Multi-Dimension Visualization in Python Part I

Data visualization helps us to explore and review data easily. It is much better than a table or a long long paper. Most of time the visualization work is limited to 2-D. In this article, I am going to introduce how to plot and explore multi-dimension data (1-D to 6-D).

Firstly import the libraries we need:

import pandas as pd
import matplotlib.pyplot as plt
from mpl_toolkits.mplot3d import Axes3D
import matplotlib as mpl
import numpy as np
import seaborn as sns
%matplotlib inline

Here we use winequanlity dataset as an example: https://archive.ics.uci.edu/ml/machine-learning-databases/wine-quality/

Before exploring the data, we do some manipulation:

# store wine type as an attribute
red_wine['wine_type'] = 'red'   
white_wine['wine_type'] = 'white'

# bucket wine quality scores into qualitative quality labels
red_wine['quality_label'] = red_wine['quality'].apply(lambda value: 'low' 
                                                          if value <= 5 else 'medium' 
                                                              if value <= 7 else 'high')
red_wine['quality_label'] = pd.Categorical(red_wine['quality_label'], 
                                           categories=['low', 'medium', 'high'])
white_wine['quality_label'] = white_wine['quality'].apply(lambda value: 'low' 
                                                              if value <= 5 else 'medium' 
                                                                  if value <= 7 else 'high')
white_wine['quality_label'] = pd.Categorical(white_wine['quality_label'], 
                                             categories=['low', 'medium', 'high'])

# union red and white wine datasets
wines = pd.concat([red_wine, white_wine])

# re-shuffle records just to randomize data points
wines = wines.sample(frac=1, random_state=42).reset_index(drop=True)

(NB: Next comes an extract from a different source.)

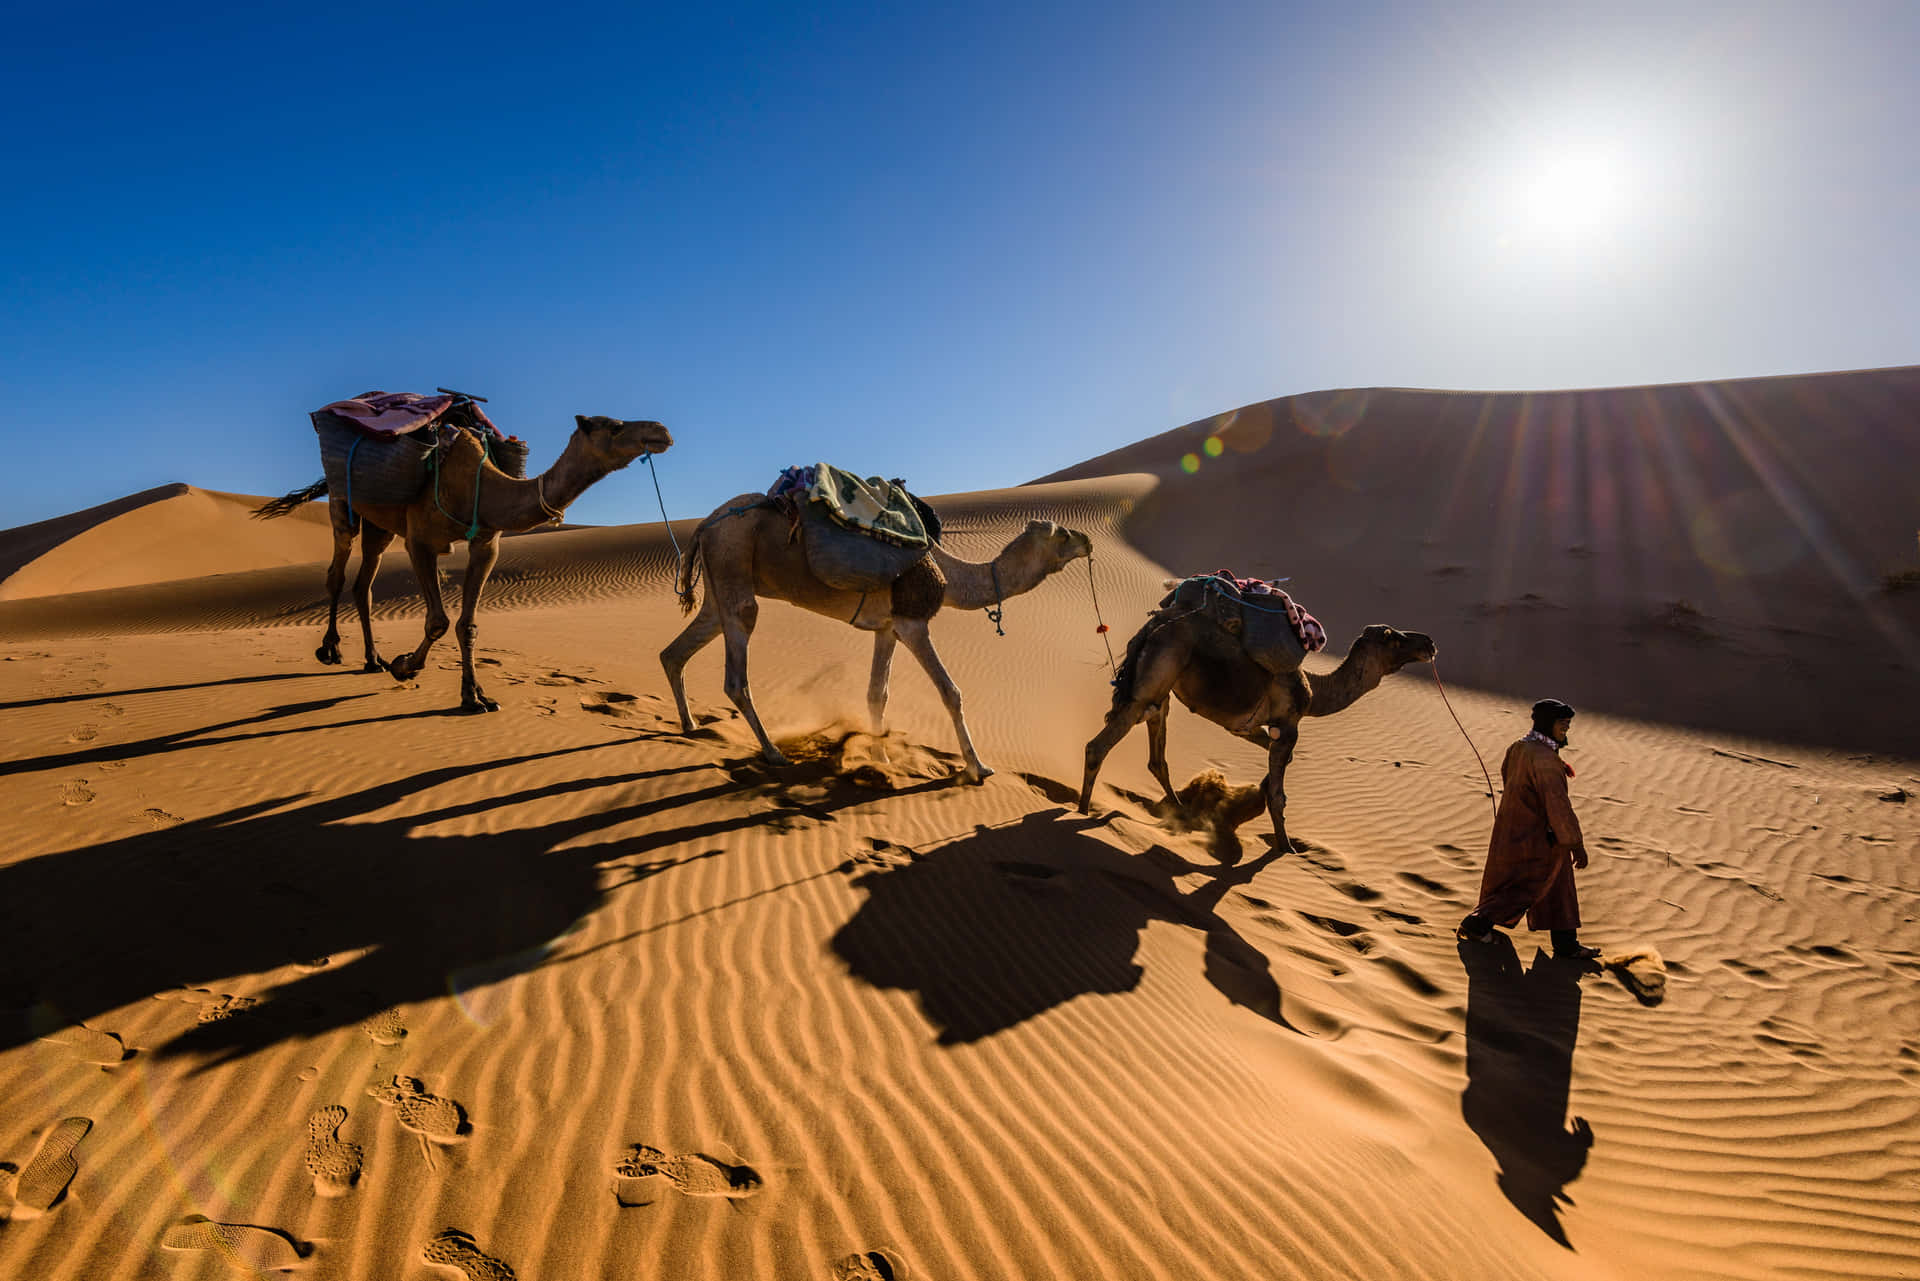 Man Lead Three Camels In Desert Picture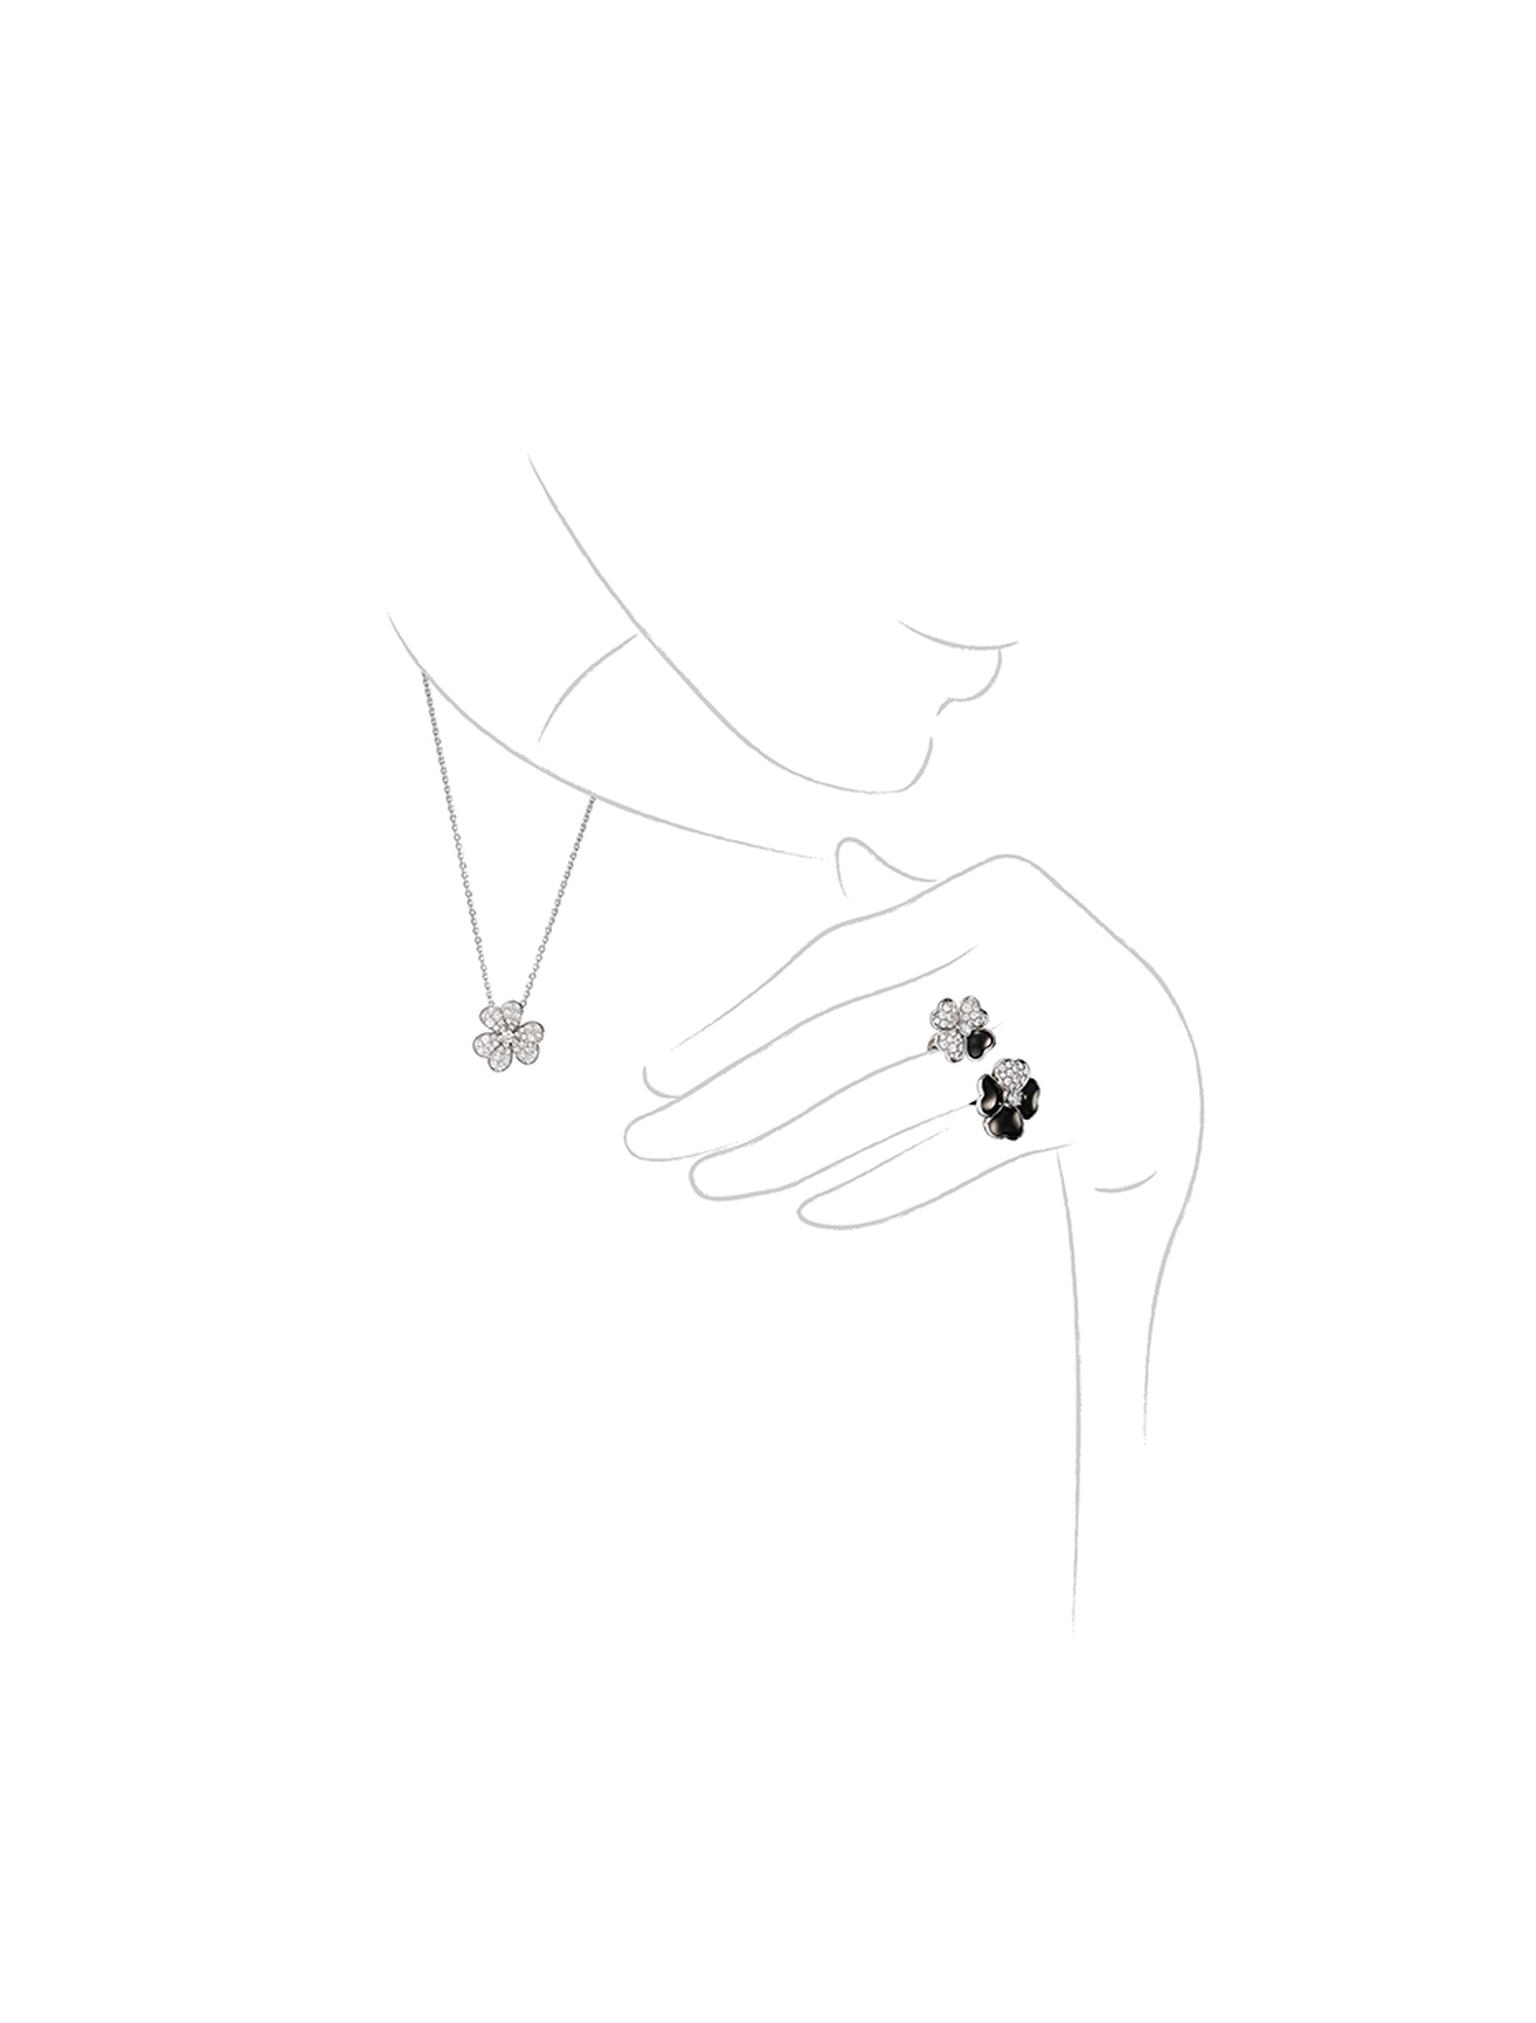 Van Cleef & Arpels Cosmos Between the Finger onyx and diamond ring and Cosmos diamond necklace.

We concatenate both red and white wine to create a single wine dataset, and create a feature as “quality_label”.

  1. 1-D visualization

To display the distribution for all the attributes, Histogram is the best choice:

wines.hist(bins=15, color='steelblue', edgecolor='black', linewidth=1.0,
           xlabelsize=8, ylabelsize=8, grid=False)    
plt.tight_layout(rect=(0, 0, 1.2, 1.2)) 

It is a good idea for exploring all the attributes. Further more, let’s see another option for a continuous attribute:

# Histogram
fig = plt.figure(figsize = (6,4))
title = fig.suptitle("Sulphates Content in Wine", fontsize=14)
fig.subplots_adjust(top=0.85, wspace=0.3)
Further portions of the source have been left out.